On Mon, Mar 17, 2014 at 5:17 AM, Philip Oakley <philipoak...@iee.org> wrote:
> A bike-shedding thought:
> Many inexperienced users do a 'git reset --hard' only to discover they have
> deleted something important and want it back. (e.g. git-users yesterday [1])
> One possible option is that Git could "stash" the current work-tree contents
> (git stash create) into a commit and store its commit_id in a suitable
> file/variable such as RESET_HARD_HEAD (or GIT_RESET_HARD_HEAD), similar to
> FETCH_HEAD & MERGE_HEAD, so that it would be relatively easy to recover the
> prior state.

A while back I started to implement "undo" function for "git add". I
think we could do the same here, when reset --hard is issued, store
current SHA-1 in index to an index extension, also hash overwritten
files in worktree and store it in the index extension as well. "reset
--undo" can bring it back. Experienced user can turn this off via
config variable, but it's default to on.

> By only storing the id in the file/env it would be overwritten on each
> usage, and the loose commits would be garbage collected eventually.

We have similar ideas, except I choose to store in the index instead.

> A suitable config variable would allow it to be enabled/disabled as
> appropriate to the user. (Perhaps enabled by default eventually?)
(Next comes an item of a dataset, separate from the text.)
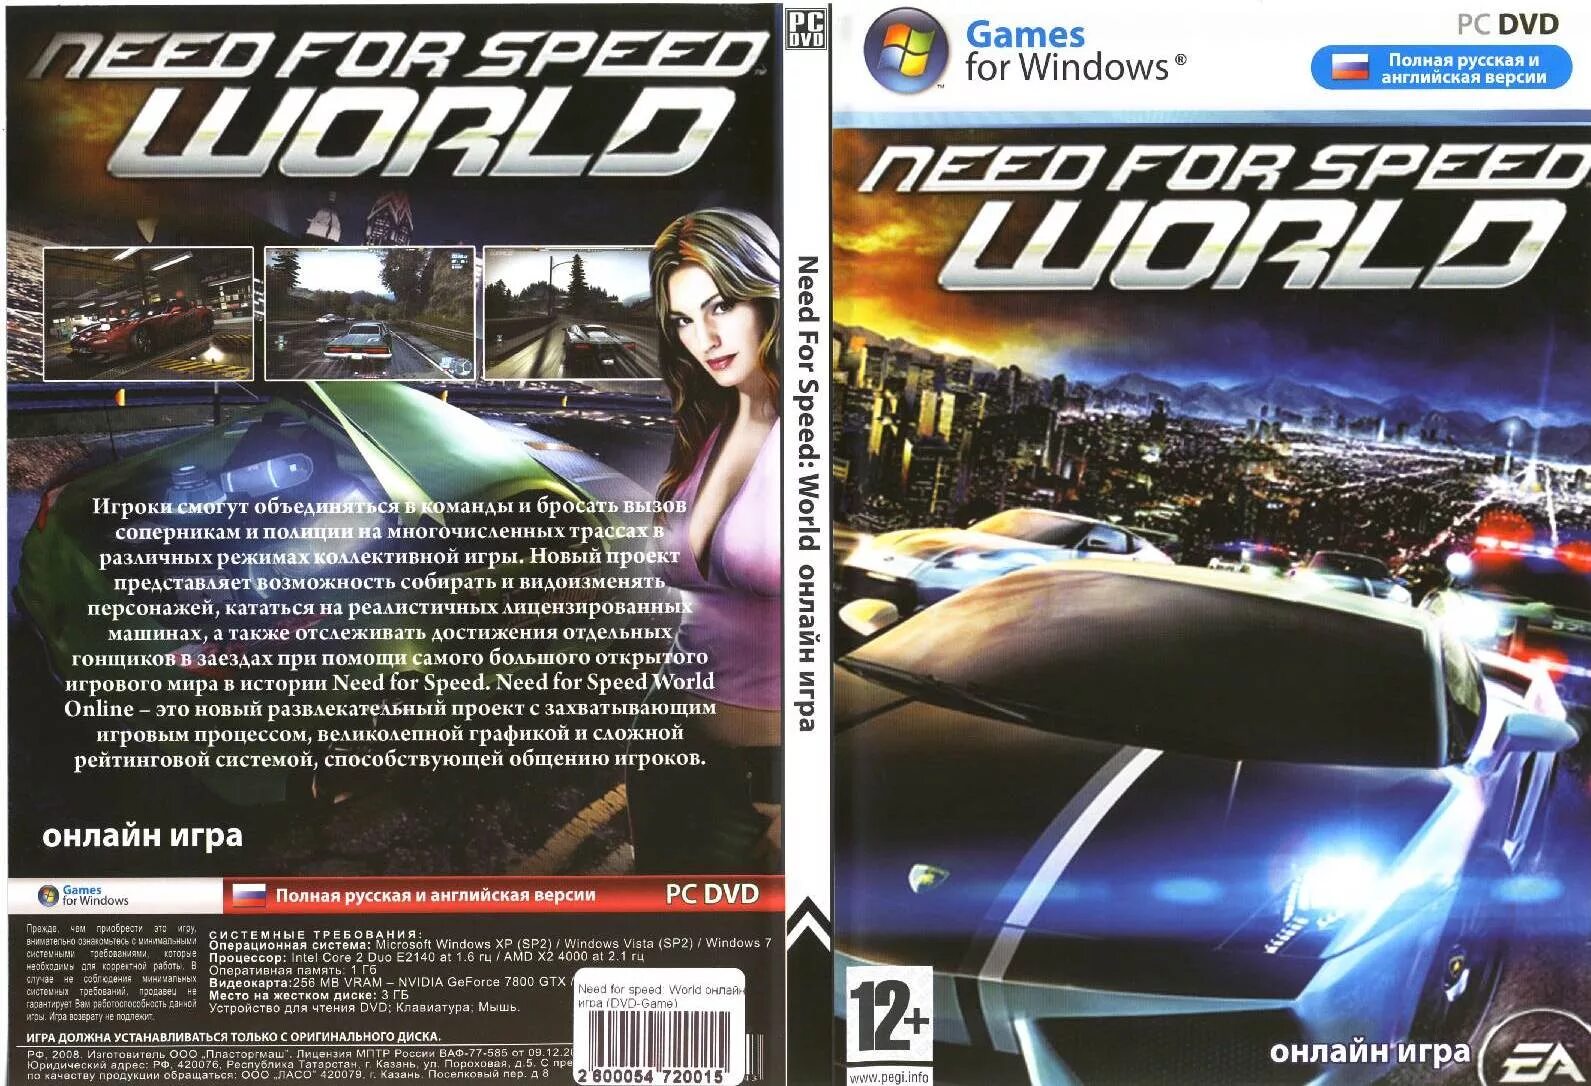 Ned for Speed PLAYSTATION 1 обложка диска. Need for Speed антология обложка. Приставка Wii need for Speed. Диск РС 1999 NFS. Антология need
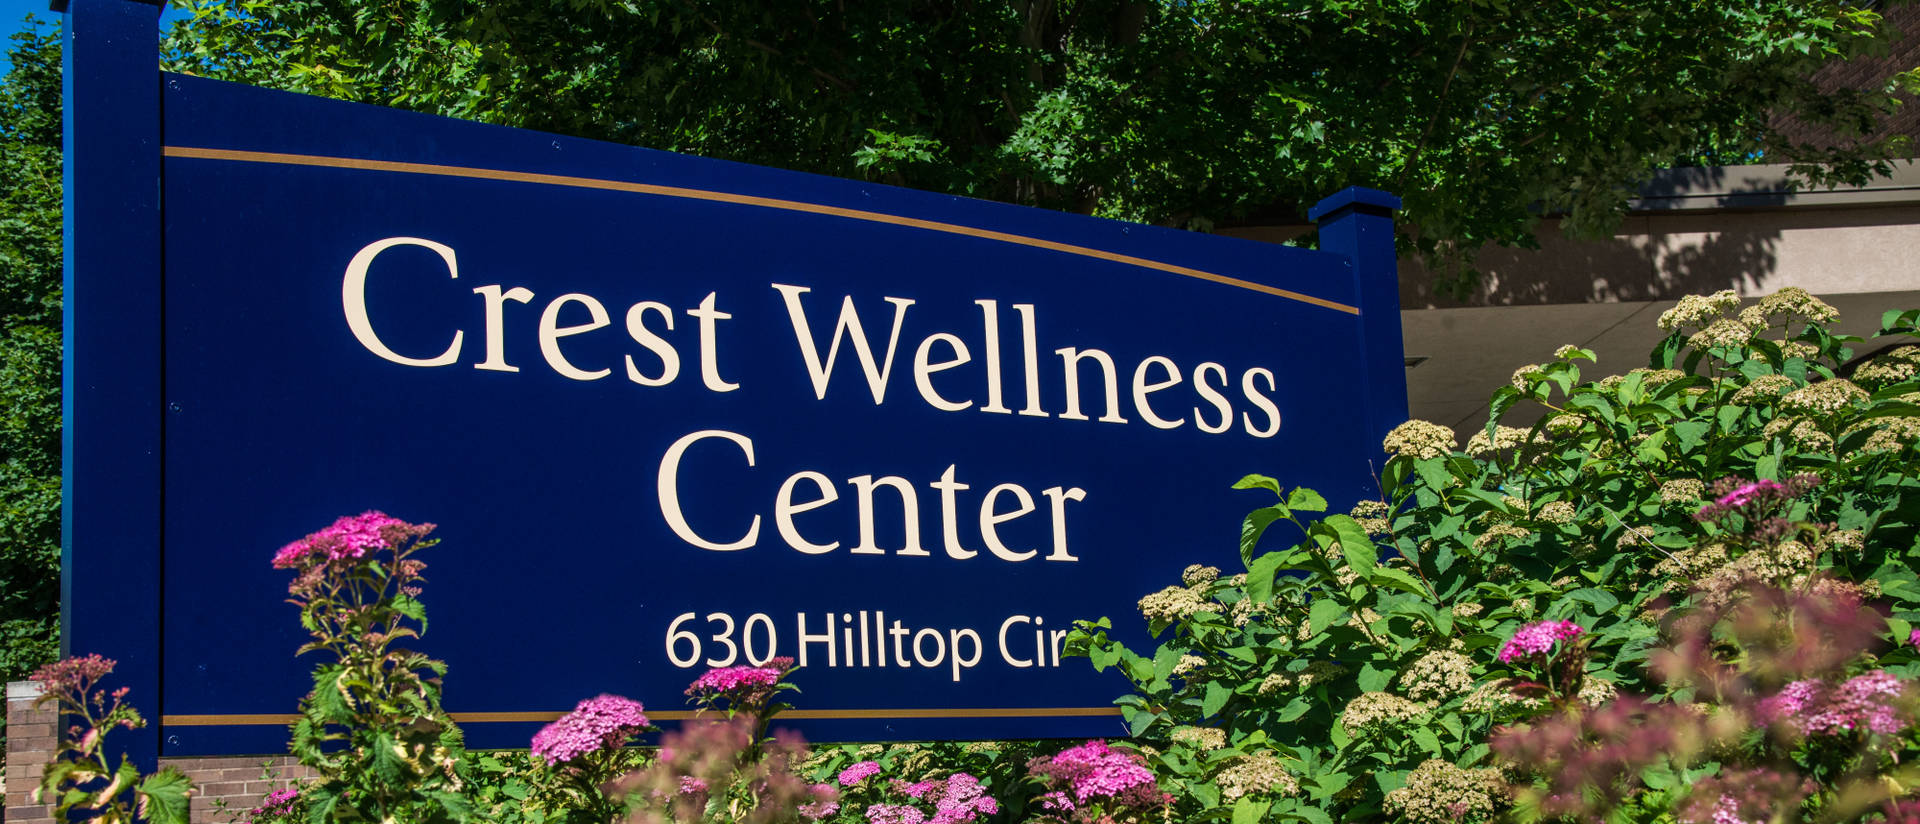 Crest Wellness Center sign surrounded by flowers

Yes. We could even bundle it to an advice.* knob. Experienced users
will usually turn the advice off (and this behavior will be gone as
the result).

> Given the prevalence of 'git reset --hard' within internet forum advice,
> would something like this be useful?  It could even be wrapped into a GSoC
> project.

We could go further to provide "git undo" interface that covers other
areas as well, easier to discover than "reset --undo", but I'm not
sure how this interface should work..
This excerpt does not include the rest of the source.